Trump uses import tariffs as a threat
To make matters worse, Trump usually uses tariffs initially as a threat to build pressure and force his negotiating partners to give in. This was already evident in his first term in office. However, the step was only moderately successful. If the tariffs are introduced, however, they will have a huge impact on prices in the consumer electronics segment, for example, which has not yet been directly affected by higher tariffs. From the consumer's point of view, a tariff has the same effect as a higher sales tax and means a price increase that particularly impacts low- and middle-income households. It will also be critical for companies that either produce a lot in China or generate a large share of their sales there. The latter would have to expect retaliatory measures from China. There are also tangible differences in tax policy. Among other things, Ms Harris's plans include tax relief for lower and middle-income earners, coupled with higher taxes for top earners and companies. Share buybacks would also be taxed more heavily. Mr Trump is taking a different approach: he wants to cut corporate taxes and extend tax breaks for top earners and the wealthy. Both plans would have a negative impact on the US fiscal deficit, but Mr Trump's would be significantly more drastic.
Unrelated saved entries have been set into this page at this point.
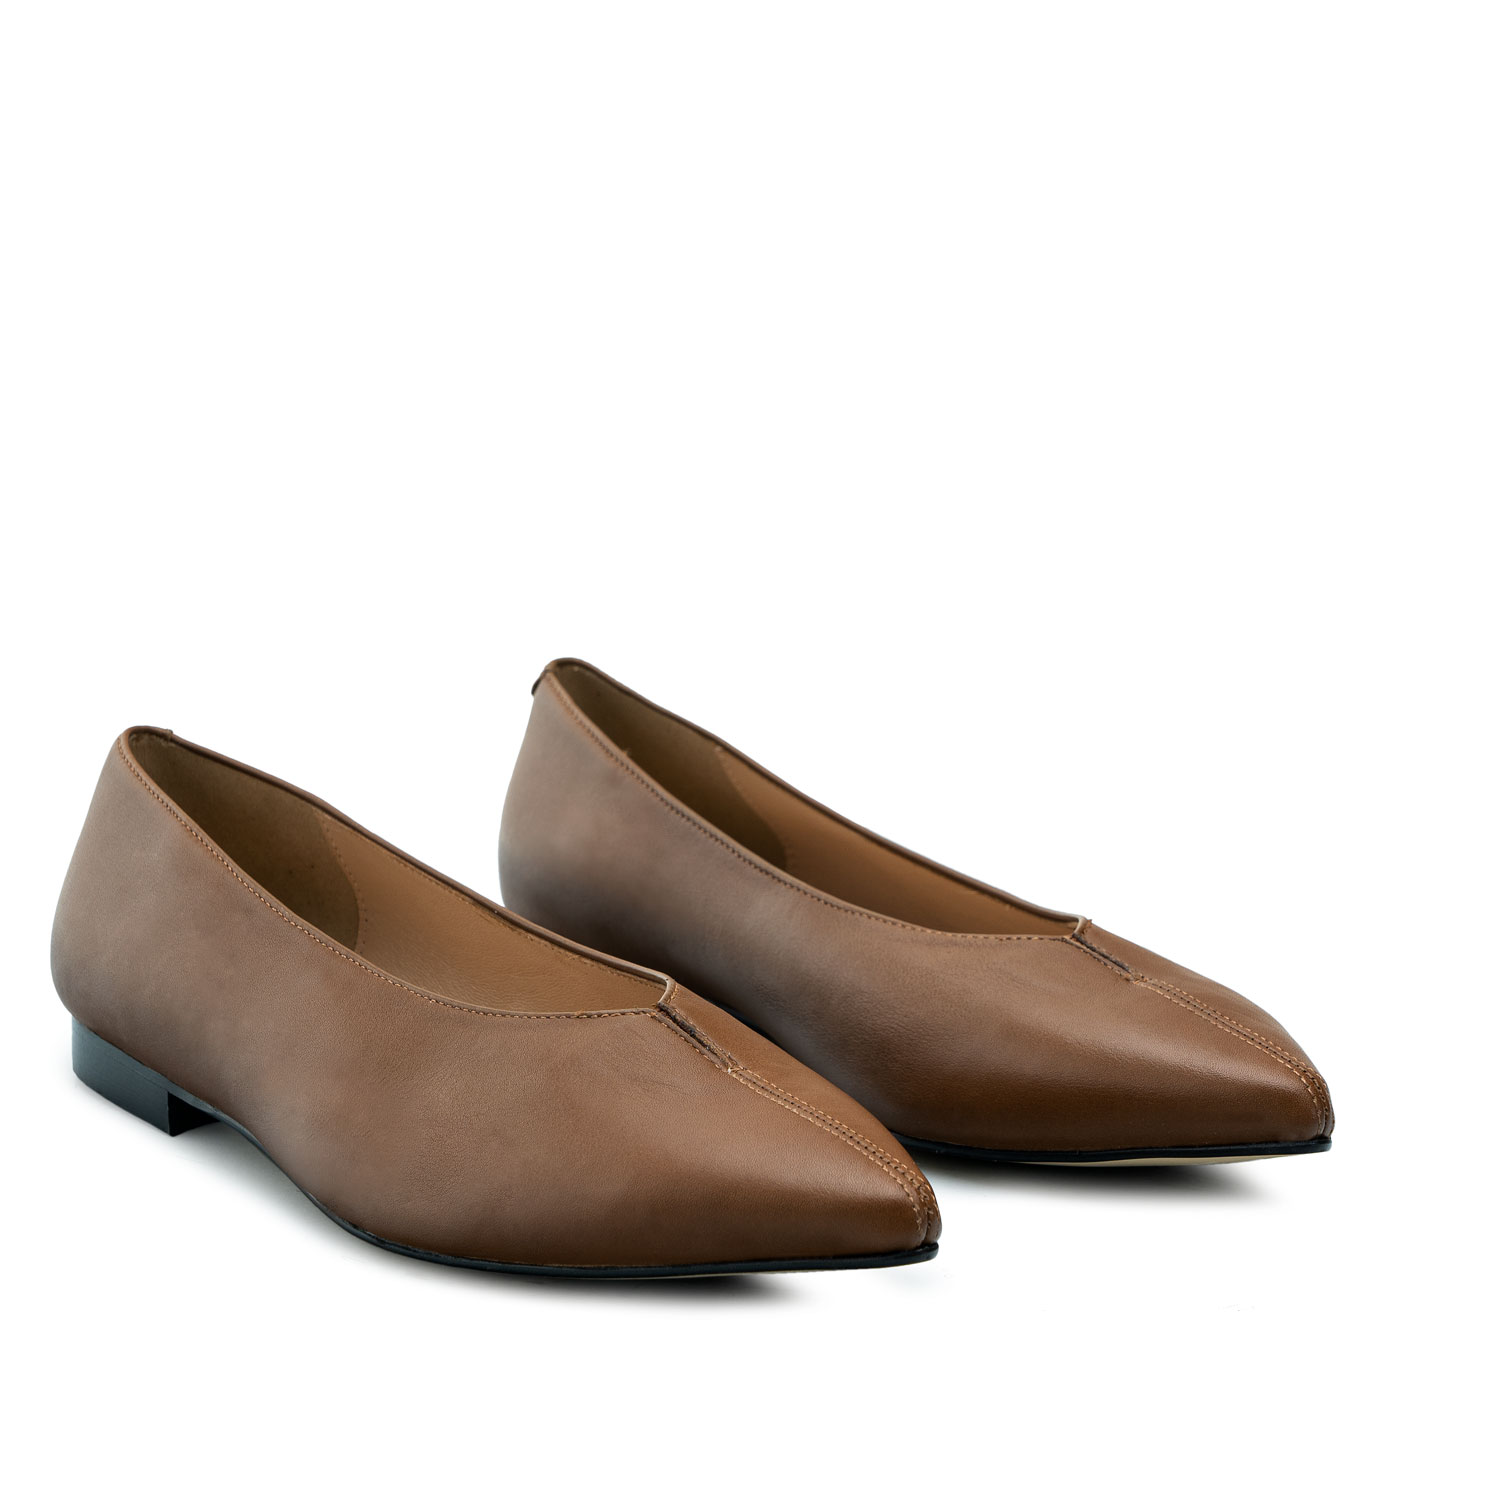 Flat Slip-on Shoes in Brown Leather
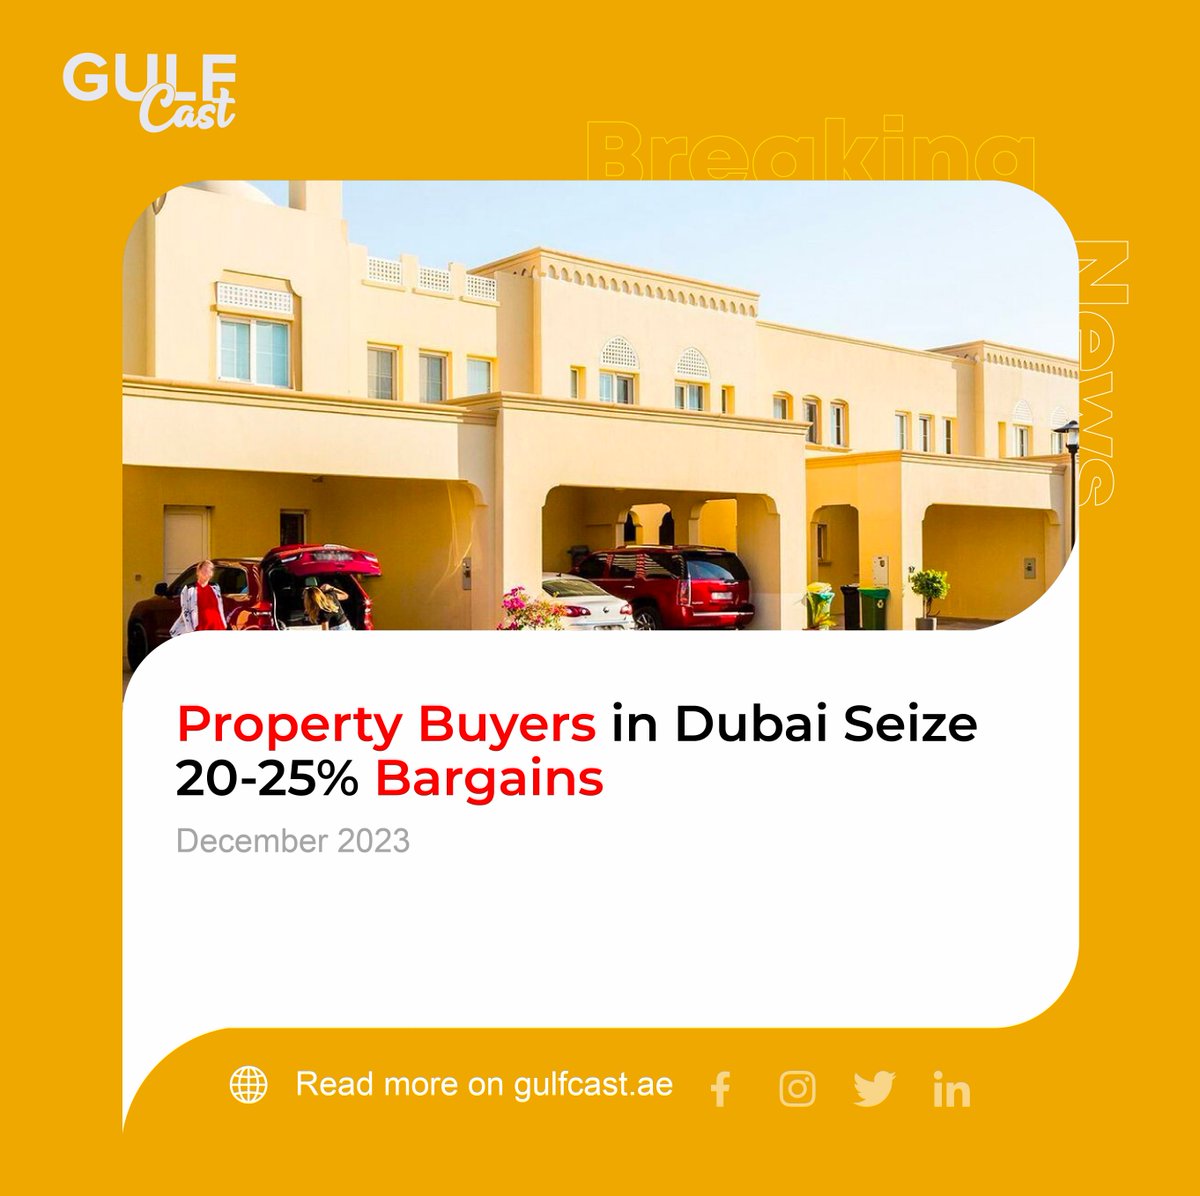 Secure your dream home at The Springs for less! Auctions in Dubai are offering premium homes at exceptional discounts, with 2-bedroom units fetching Dh1.9m.
Dive into: buff.ly/4ajzJVC 
#gulfcast #DubaiRealEstate #PropertyAuctions #TheSprings #Dubai
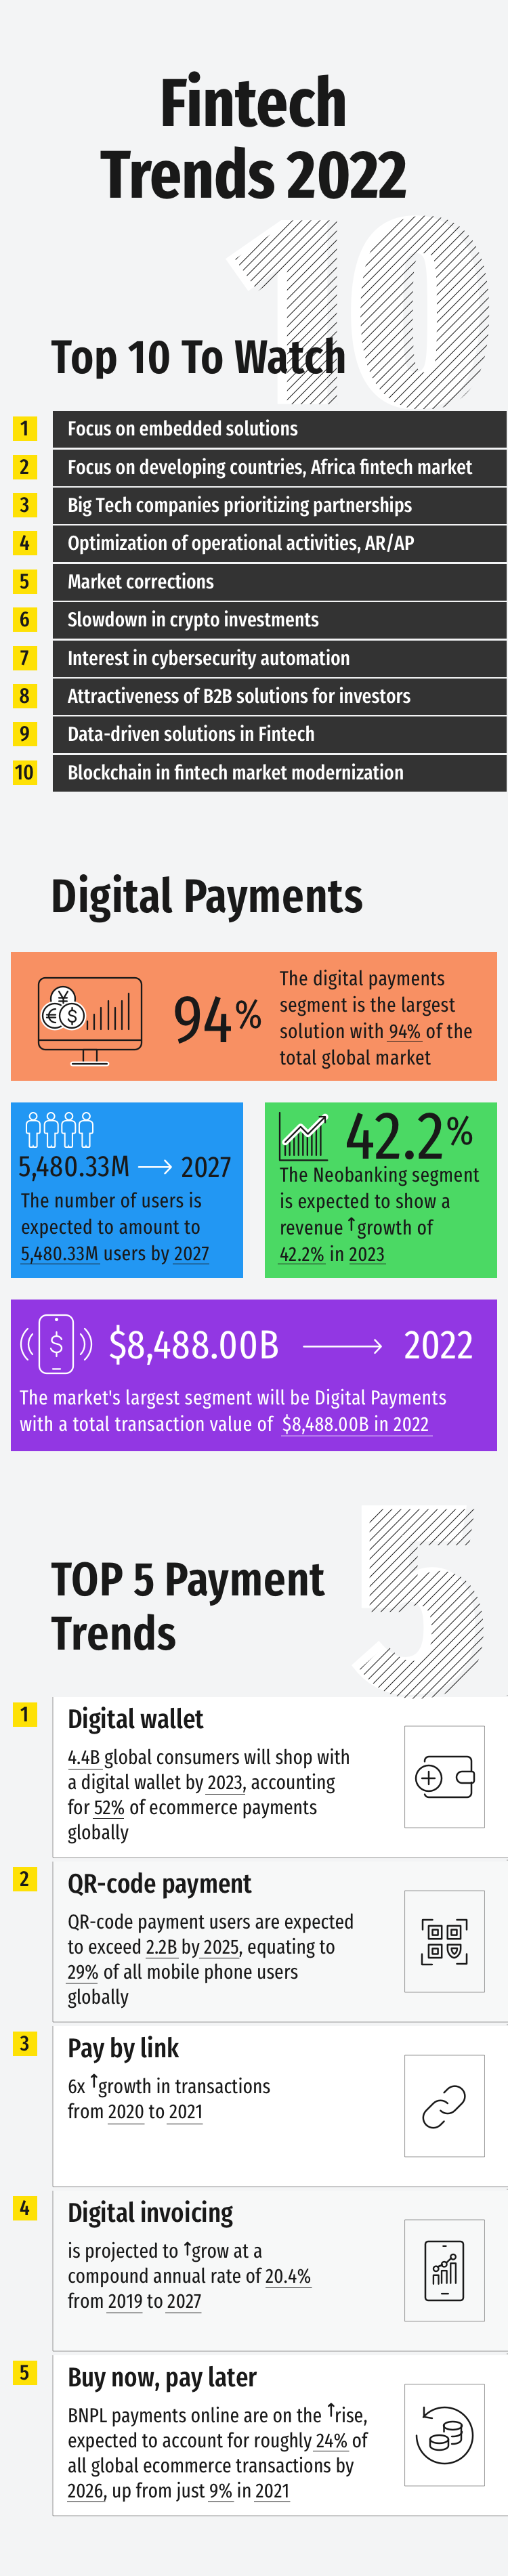 Infographic: Fintech Overview & Trends 2022 - 2022 - 19

Immediate consequences for the capital markets
What impact would the respective measures have on the capital markets? With Kamala Harris as president, we are likely to see a rather unremarkable change of favourites on the stock market. For example, utilities and industrials could benefit as they would profit from continued infrastructure investments. However, there could be small short-term setbacks because Harris would not extend the corporate tax cuts that date back to Trump In the longer term, however, markets should benefit from stronger economic growth under Harris – if she gets the necessary majority in Congress.

With Trump, it would probably be the other way around. In the short term, the markets could rise because they expect Trump to deliver persistently low corporate taxes and further deregulation. In the longer term, however, there is a risk of a rude awakening. Under Trump, we expect dwindling economic growth, higher inflation and generally higher uncertainty
.


Investment favourites change depending on the election result
In the medium to long term, the different economic policy plans are also likely to have an impact on the bond markets. Under Kamala Harris, a higher long-term interest and yield level is to be expected, which stems primarily from higher potential growth. The yield curve is likely to steepen because yields rise more at the long end of the curve due to higher debt and fiscal spending. Trump would not lead to diametrically opposed conditions, but to comparable ones – albeit for different reasons. Here, weaker growth would lead to lower interest rates at the short end, while higher deficits would push up the long end.

However, in principle we also see investment opportunities in both cases, for example in corporate bonds and in selected stocks on the equity market. The favourites will change depending on the election result. If Trump wins, companies that would benefit from tax cuts but would not be affected by the planned relocations of workers would be among the winners. If Harris wins, on the other hand, infrastructure and real estate groups, for example in the construction sector, could benefit from her plans – provided she finds a majority in US Congress.

All information, explanations and illustrations are as at 9 October 2024, unless otherwise stated.